> [Problem requirements] Only the lines from the one with "What is ChiSquad" to the end of the data, both ends included, should be output, exactly as they stand and without pictures.

> [Data extract]

+ + + +

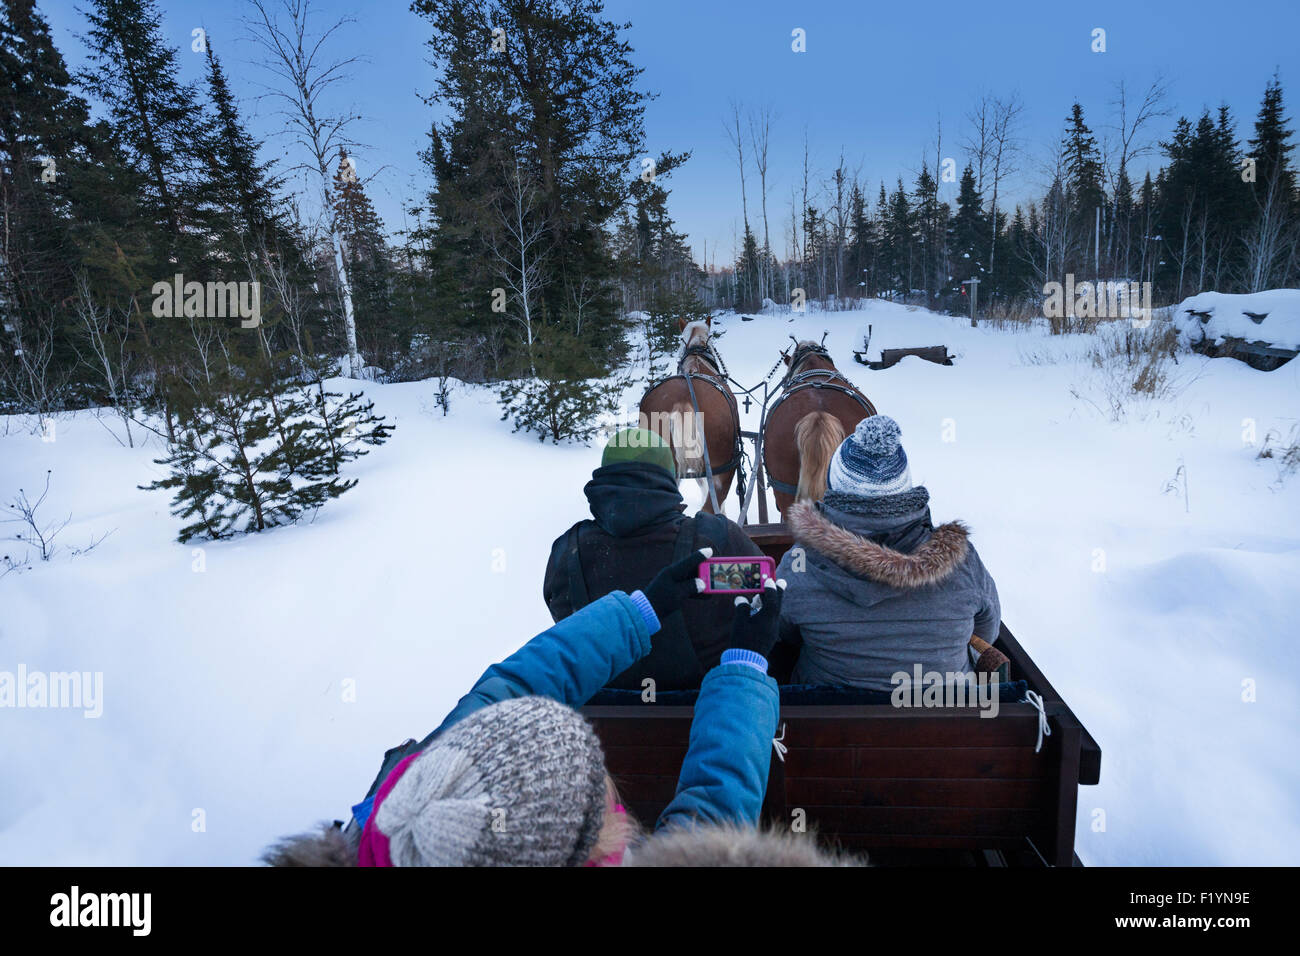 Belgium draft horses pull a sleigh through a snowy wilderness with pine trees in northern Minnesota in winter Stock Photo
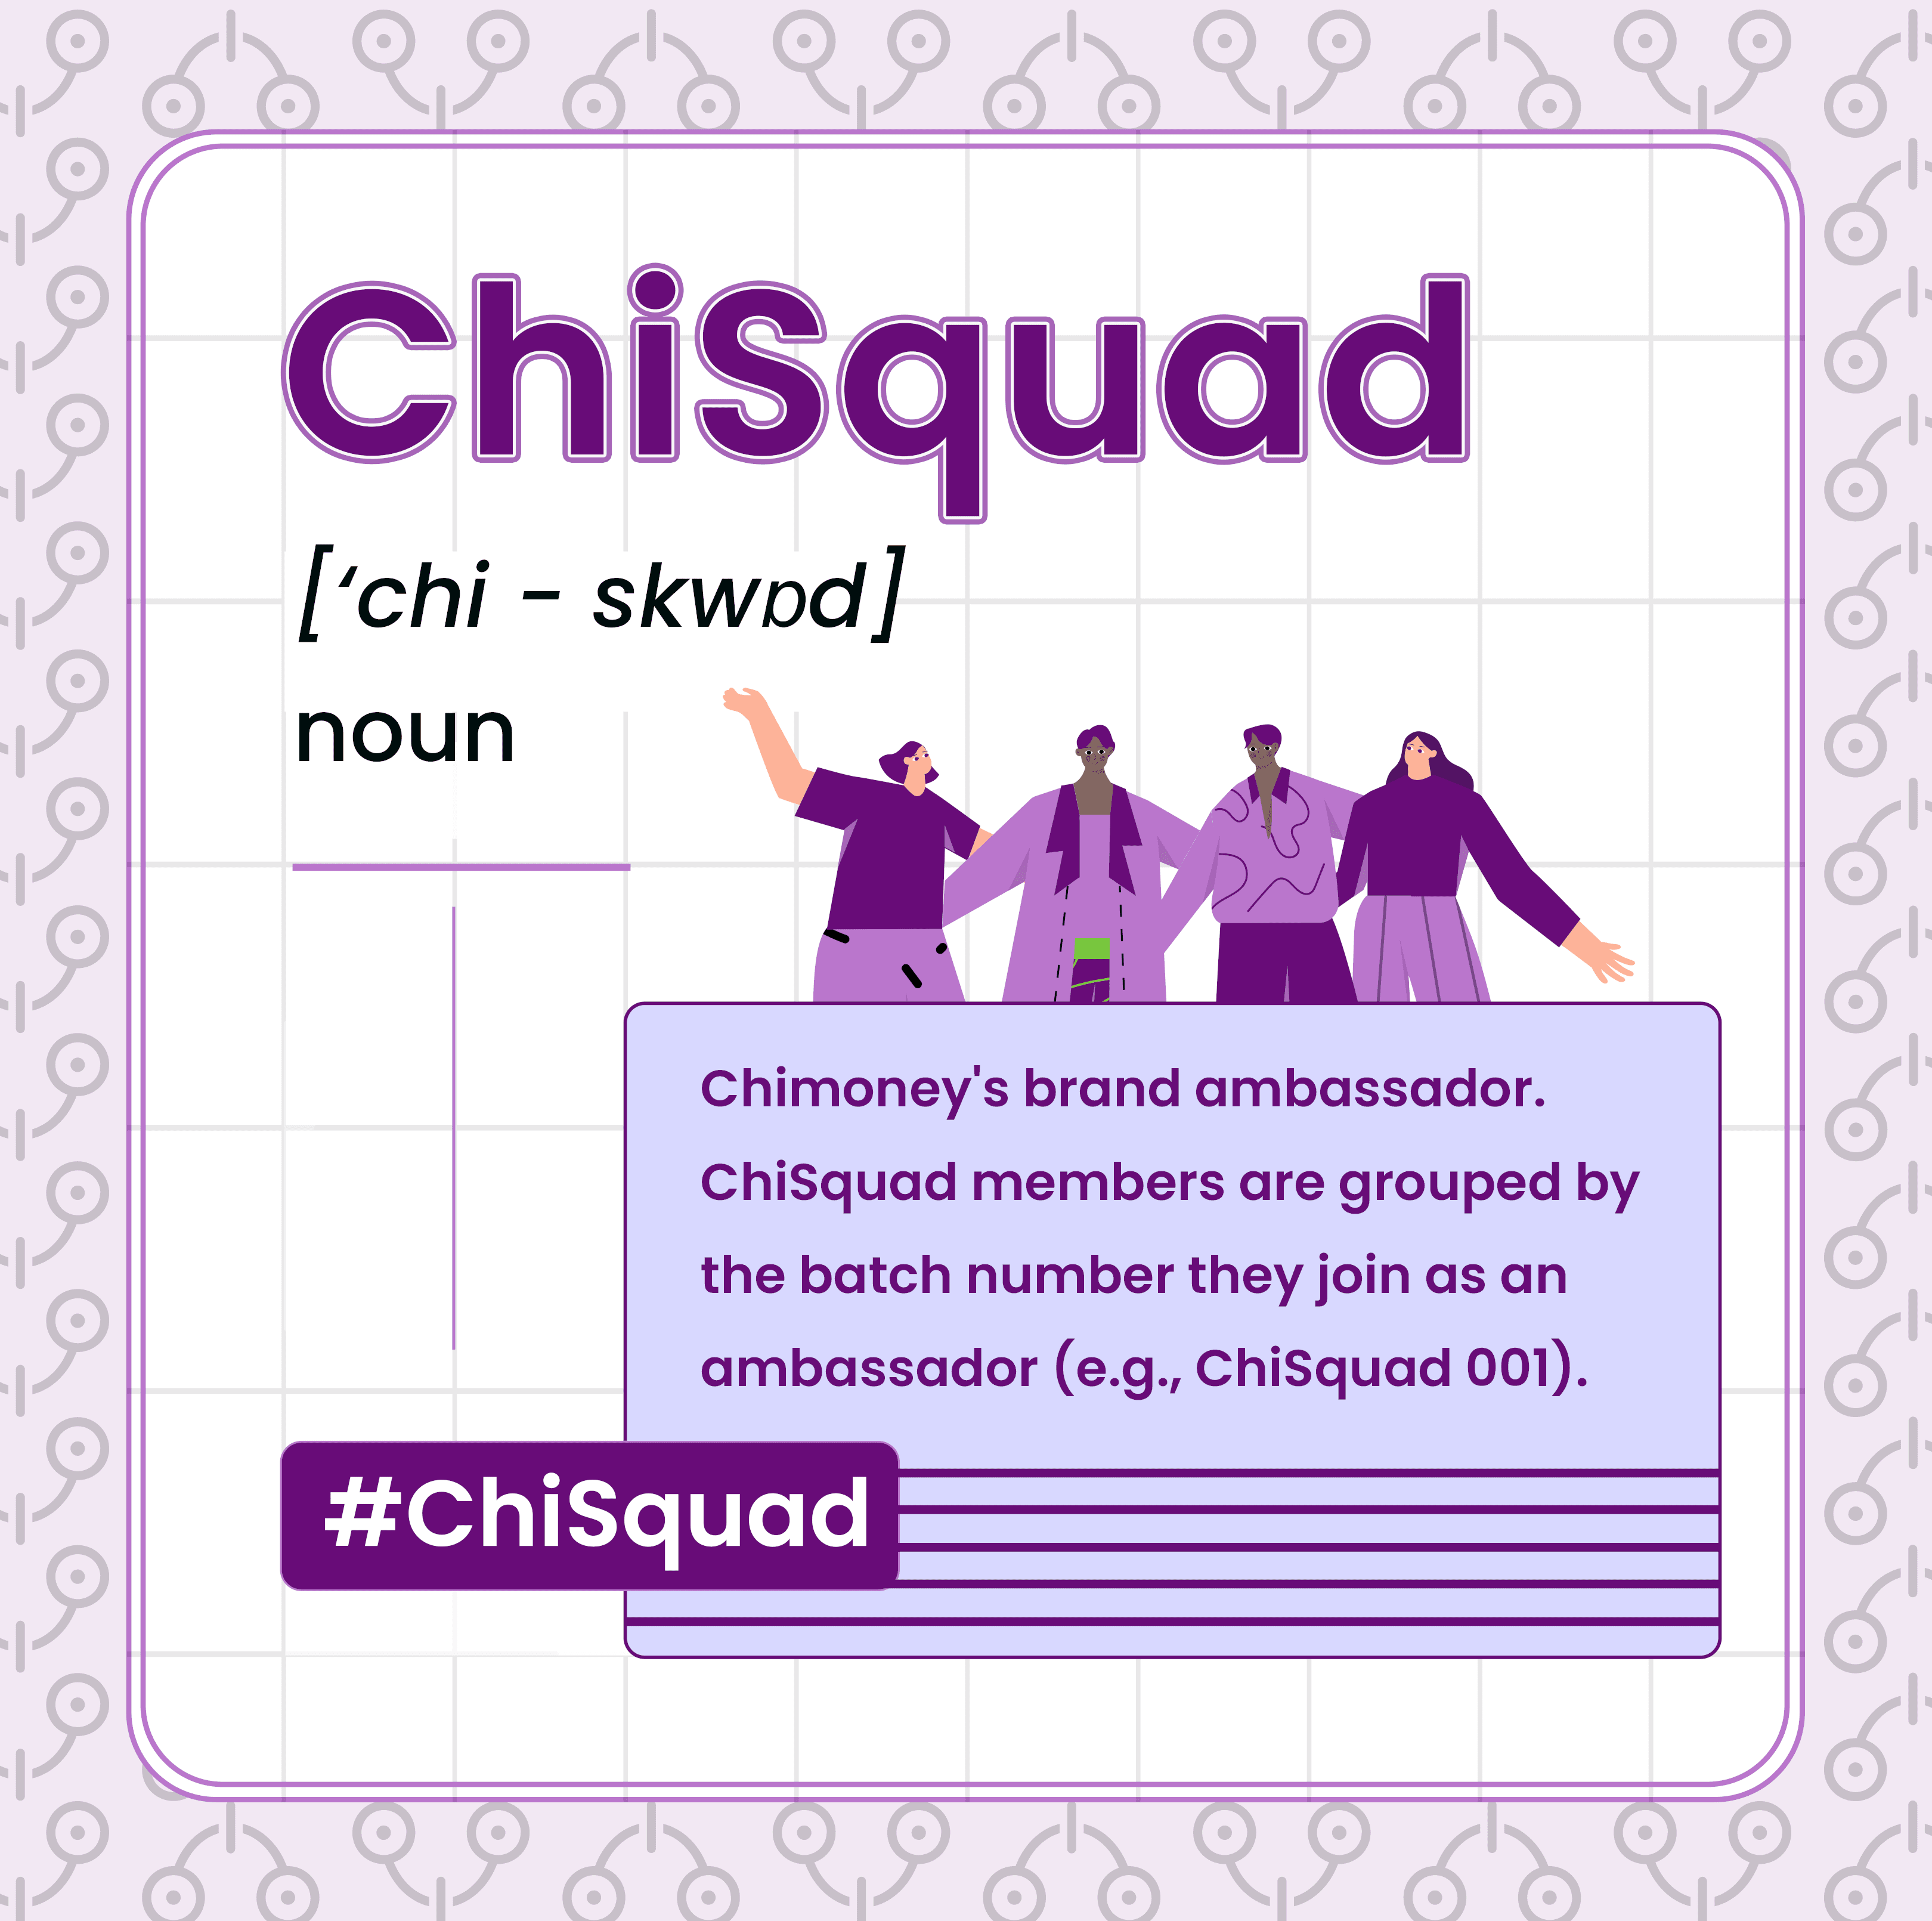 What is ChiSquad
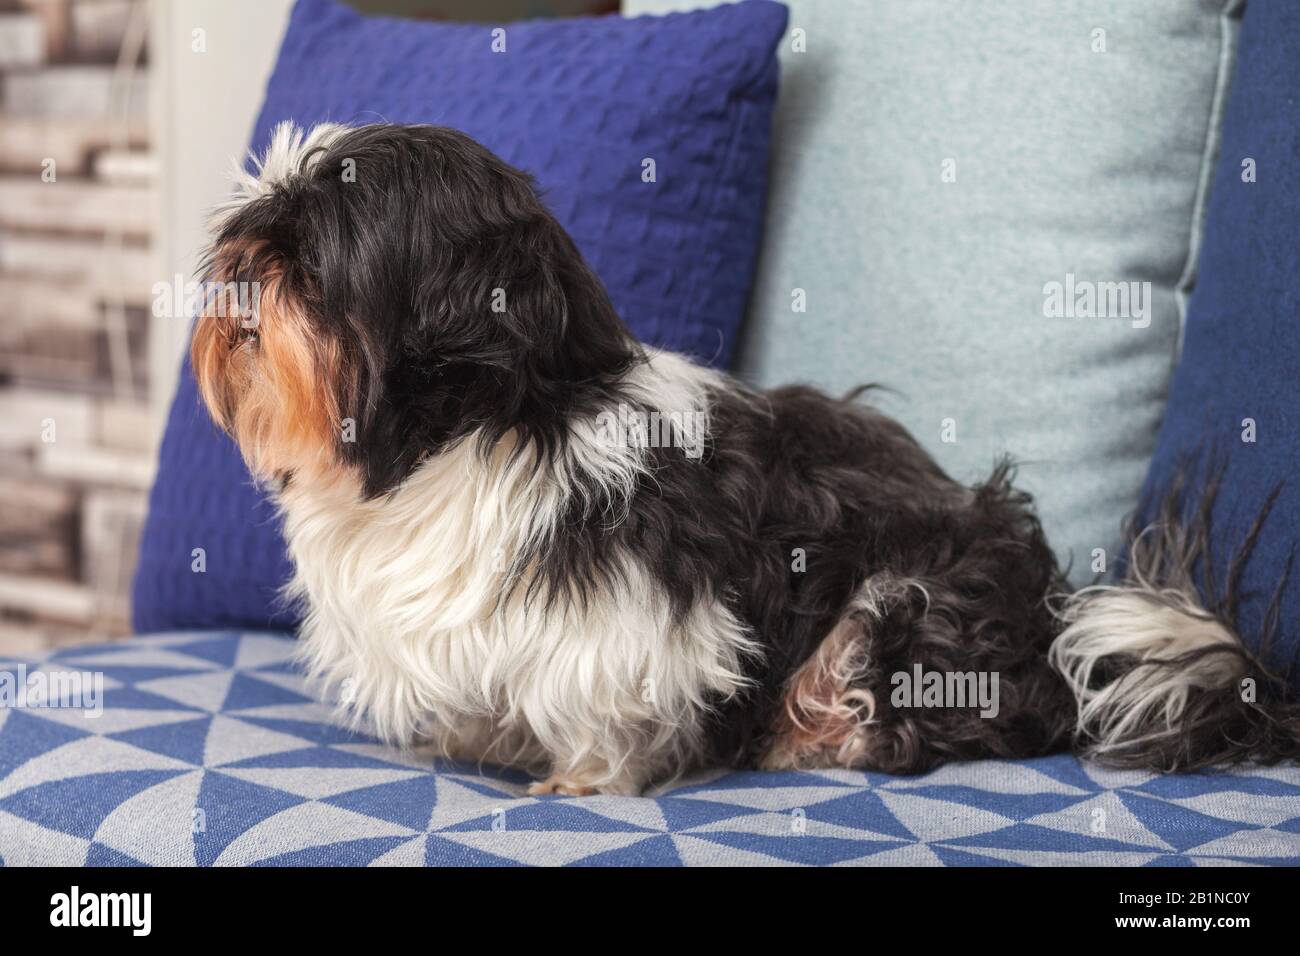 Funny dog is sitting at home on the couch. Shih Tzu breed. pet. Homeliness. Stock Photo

+ + + +

> [The answer]
 What is ChiSquad
 Funny dog is sitting at home on the couch. Shih Tzu breed. pet. Homeliness. Stock Photo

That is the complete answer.